Why can't I force a specific cipher with the openssl app with TLS 1.3?

Matt Caswell matt at openssl.org
Fri Nov 15 09:25:10 UTC 2019

On 14/11/2019 22:30, Phil Neumiller wrote:
> Hi Matt, 
> That works fine for 256 as you mentioned.  I trying to speak to a piece of
> hardware that has one supported cipher, i.e. TLS_AES_256_GCM_SHA384.  I
> tried the naive approach of 
> PSK=63ef2024b1
> openssl s_server -accept 4433 -tls1_3  -nocert -psk $PSK -sigalgs RSA+SHA384
> -ciphersuites TLS_AES_256_GCM_SHA384
> And the server starts up as it does with ECDSA+SHA384.  However, 
> PSK=63ef2024b1
> openssl s_client -tls1_3 -psk $PSK -connect :4433 -sigalgs RSA+SHA384
> -ciphersuites TLS_AES_256_GCM_SHA384
> Fails with invalid signature algorithm - which from your post I'm
> interpreting as I need a session file.  The link you mentioned in your post
> only describes the problem from the call back or API perspective and I was
> really hoping to get this to work with something like:
> openssl s_server -session_file fname ...
> But when I follow that link it doesn't describe how to create the file.  I
> seem to be misinterpreting something.

Both s_client and s_server have the option of taking a psk session file
on the command line using the "-psk_session" option (sorry I think I
referred to this as "-psksession" in my previous email - without the
underscore) - but you need to have a session file already in existence
in order for that to work.

It might be nice if we added a new option "-pskmd" or similar which
enabled you to specify the md from the command line without having to
have a session file first.

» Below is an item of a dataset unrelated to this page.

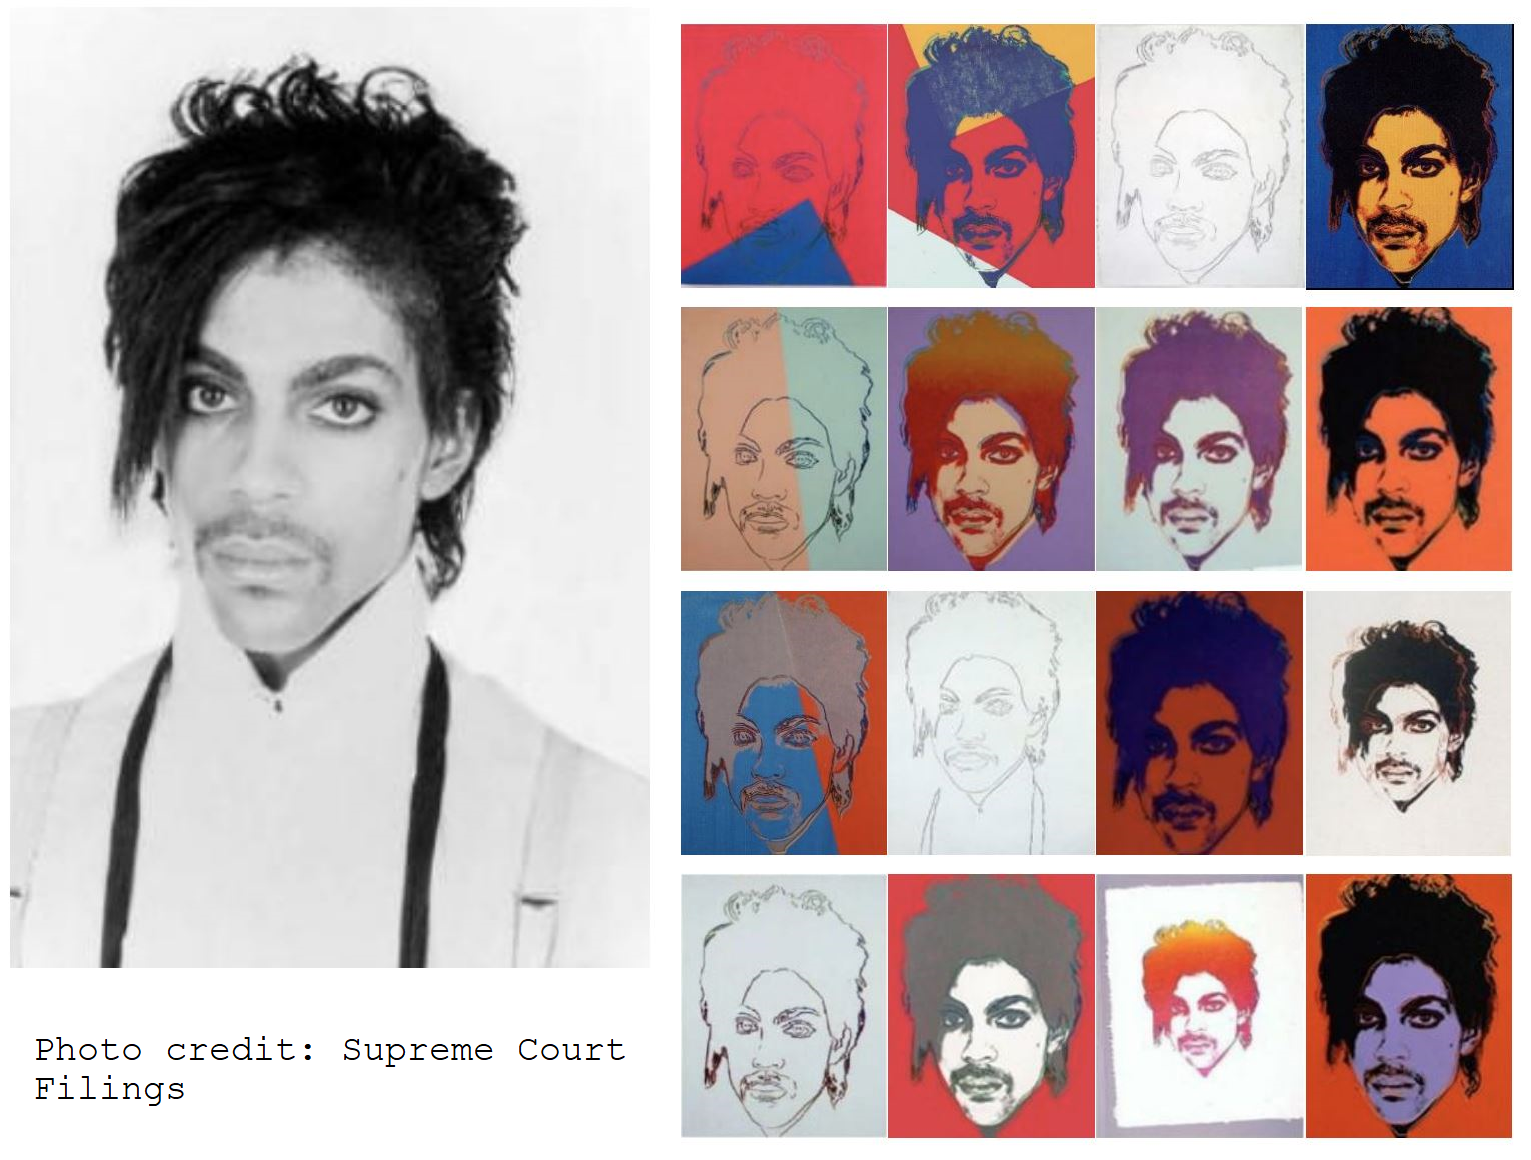 prince - Warhol SCOTUS filing

However that isn't currently possible.

Ideally you would create your session file in the manner described on
the man page I linked to. However that does require some C programming.

There is a "hack" you can use to generate a session file from the
command line. However this will generate a new random PSK so if you have
a specific value already that you need to use then it won't help. I also
wouldn't necessarily recommend this approach for production use - but
for testing purposes it should be fine. You'll need a server certificate
and server key in order to generate the file (any certificate including
self-signed will be just fine).

Run an s_server instance like this, specifying your cert/key:

$ openssl s_server -ciphersuites TLS_AES_256_GCM_SHA384 -cert server.pem
-key server.pem

Now connect via s_client:

$ openssl s_client -ciphersuites TLS_AES_256_GCM_SHA384 -sess_out

This will generate you a session file called psksession.pem compatible
with the TLS_AES_256_GCM_SHA384 ciphersuite.

Now you should be able to use it as a PSK:

$ openssl s_server -psk_session psksession.pem -nocert -ciphersuites
$ openssl s_client -ciphersuites TLS_AES_256_GCM_SHA384 -psk_session

However if you need to use a a specific PSK value then, at the moment,
the only real choice is to programmatically create the session file.